There is a misconception that veganism, plant-based diets are expensive and in that regard, the vegan food movement has a class issue. In reality, the vegan food movement is incredibly diverse and also misrepresented and so we need to acknowledge how media we consume funnels our worldview, the algorithms that curate a narrow version of ‘reality' that we receive and that have shaped our views so far. Açaí bowls are wonderful but that is not for everyone, you are either going to have the money or the interest for it or not and I think a lot of people are tired of that. I am more interested now in creating meals from the simplest of ingredients, beans, chickpeas, lentils, rice - accessible foods. I wanted to approach veganism with the cultural logic of pragmatism, with what is practical. Creating food that anyone could identify with. Because good food is the common ground between different cultures, case in point, the global ubiquity of avocado on toast. We all eat.
Make time for good food. Make your own soup.
And it is Jonathan Kauffman’s “Hippie Food”, that will deepen your understanding of culture, of how 1960s unconventional food movements and counterculture brought health food faddism; ethical vegetarianism; and a post- ”Silent Spring” critique of industrialised food and farming to the mainstream. Much of the food that dominates our culture today; tofu, tempeh and avocado sandwiches were radical novelties before 1970. Vinyl has also experienced a similar resurgent interest.

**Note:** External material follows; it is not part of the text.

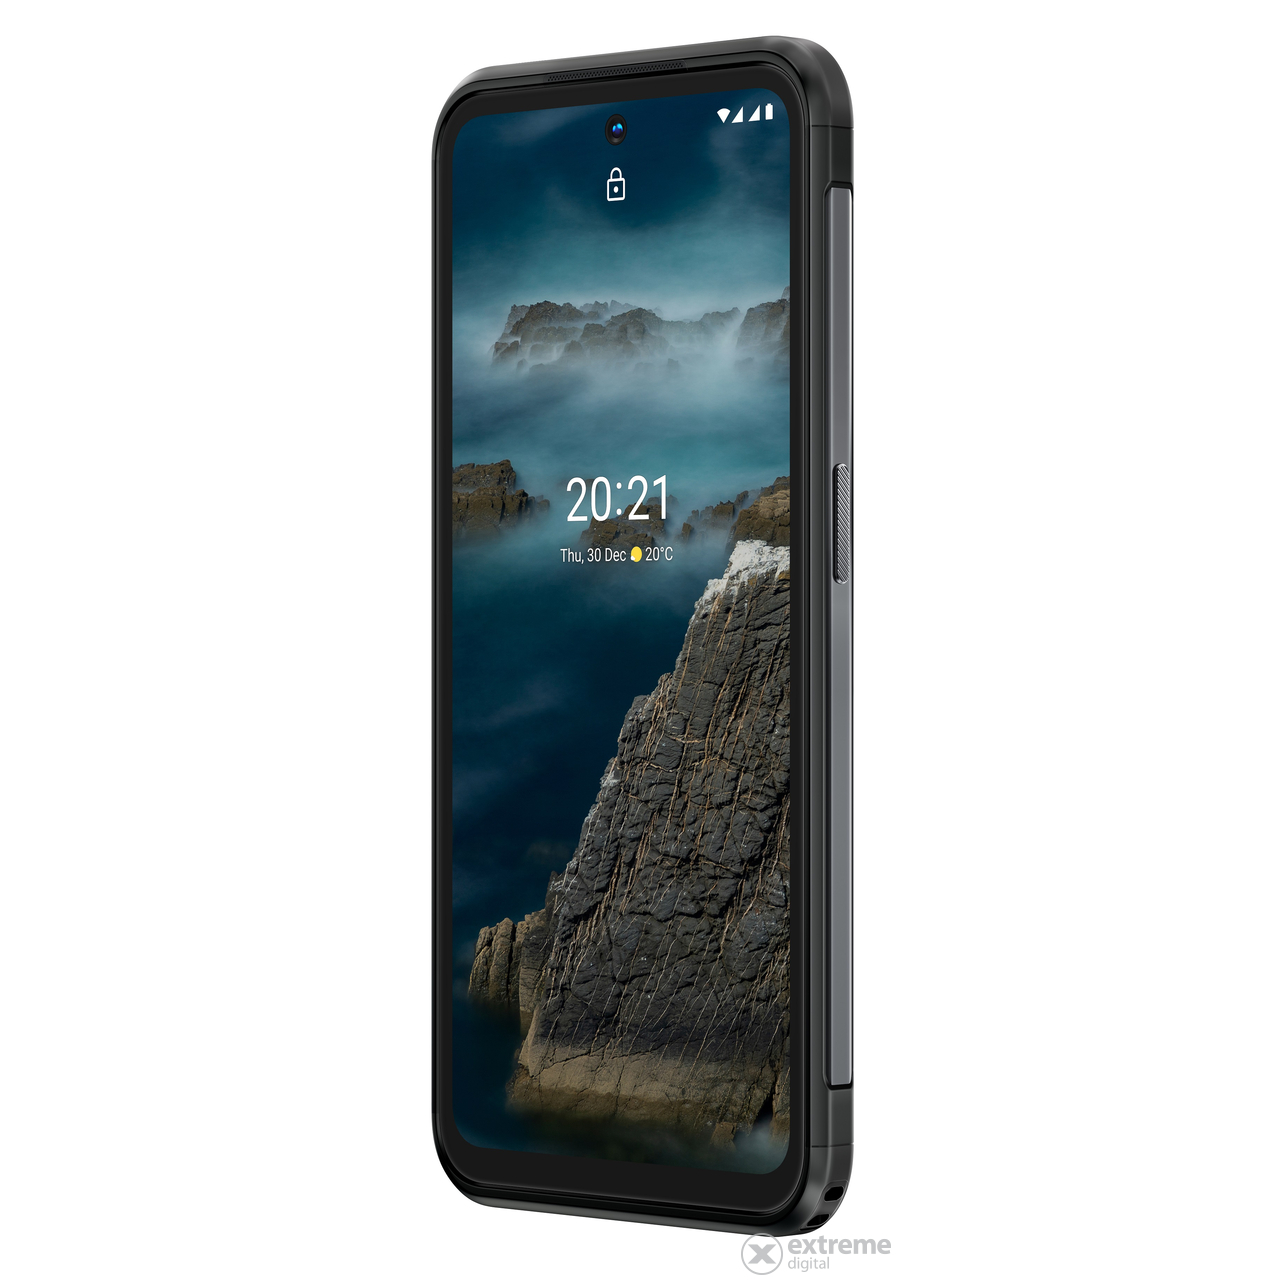 Nokia XR20 6GB/128GB Dual SIM, pametni telefon, sivi (Android)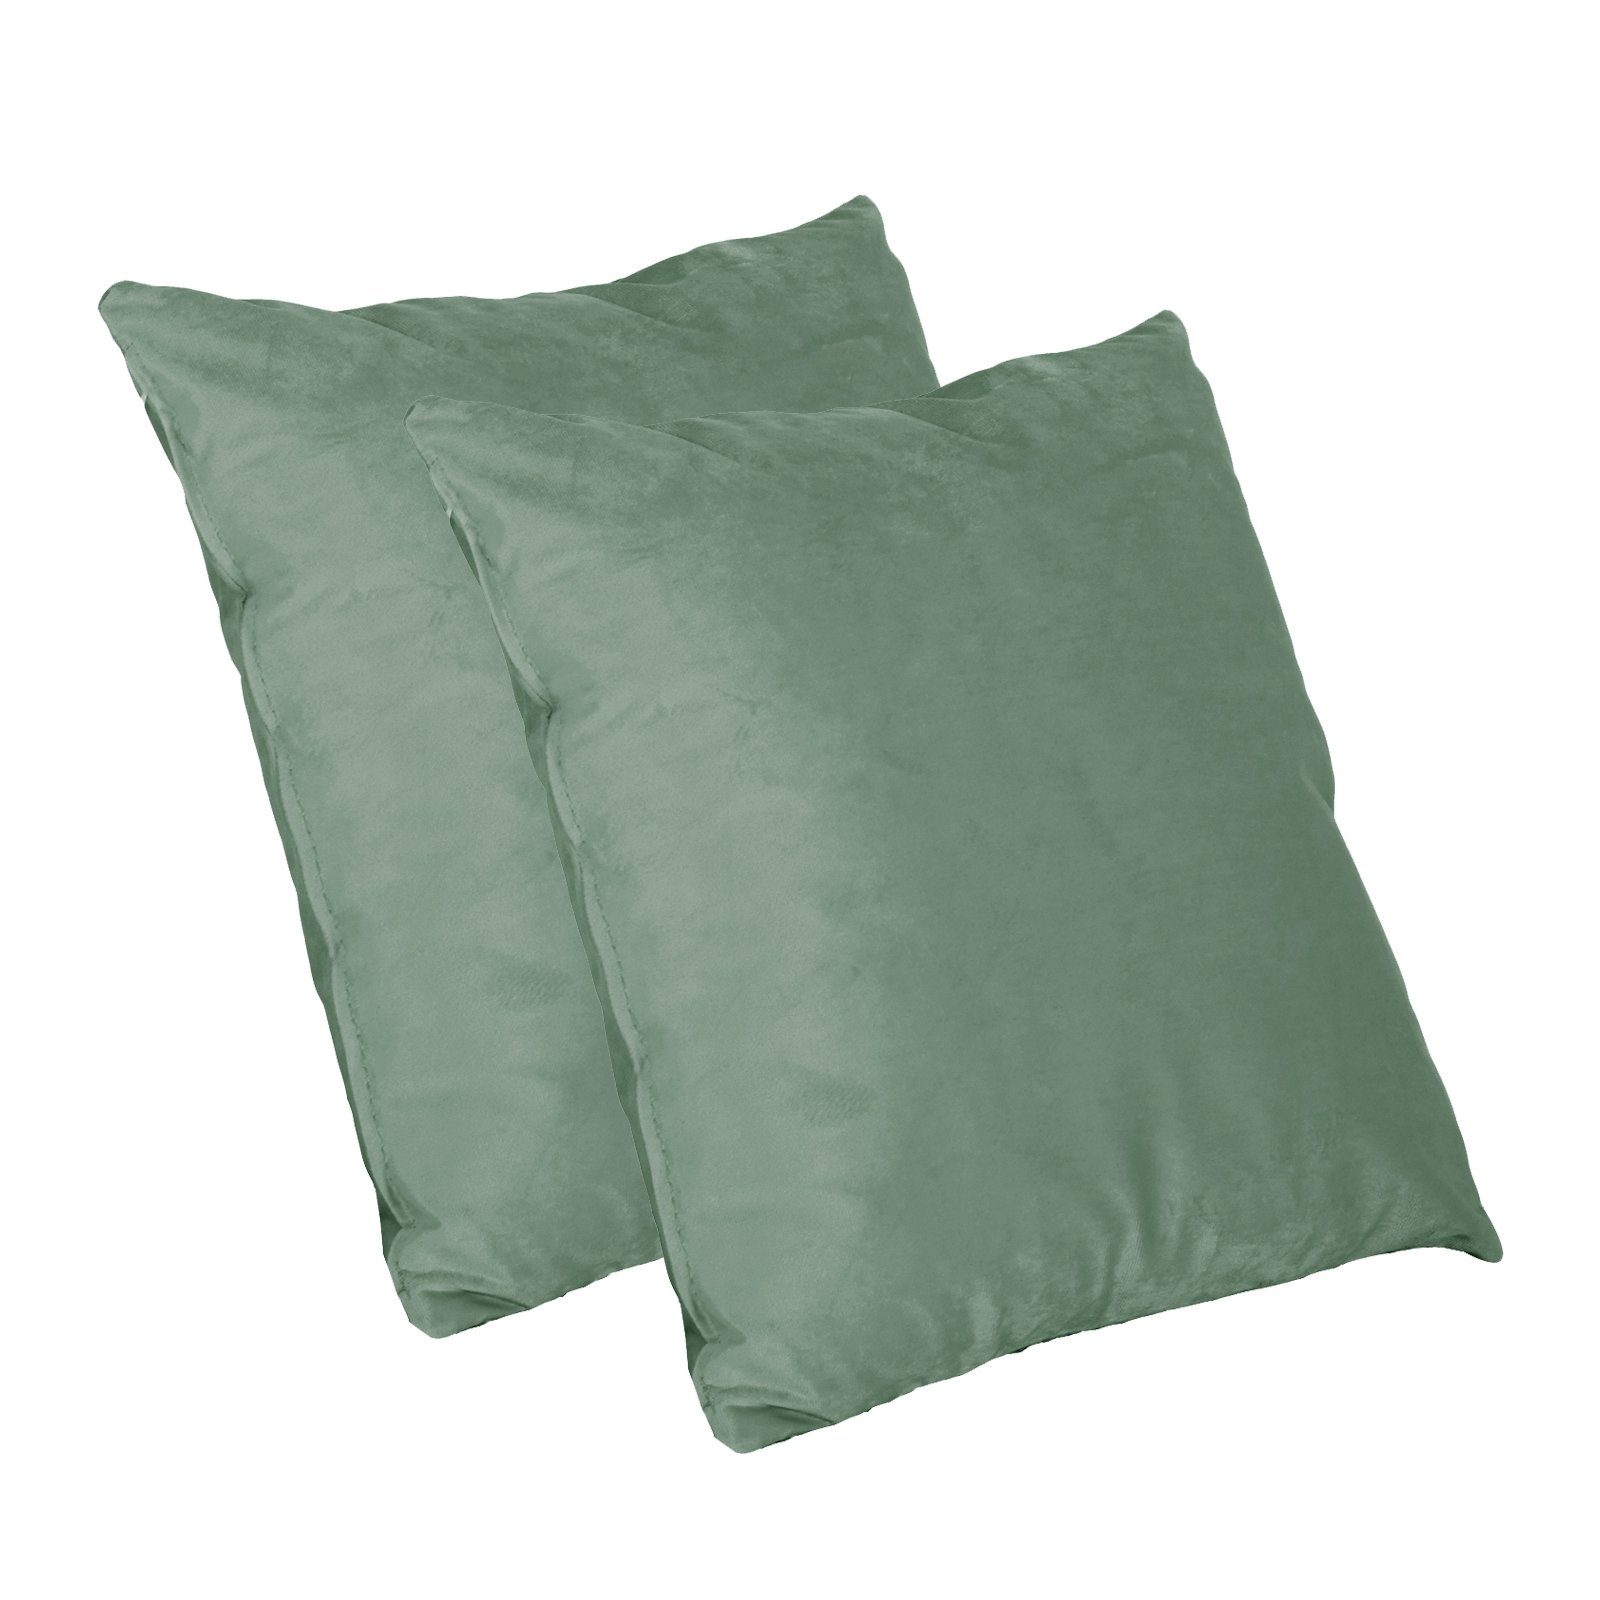 Graugrüne Kissen online kaufen | OTTO

This counterculture transformed much more than; it also changed the way we grow our food and how we think about purchasing and consuming it. Frances Moore Lappe’s “Diet for a Small Planet”, originally published in 1971 writes that the problem “wasn’t how much food the earth could produce, it was what we did with it”. And much of that narrative today is centred on waste, on the inefficiencies of animal agriculture and that our eating has moral, ethical and political implications - that we can change the world by changing the way we shop, cook and eat.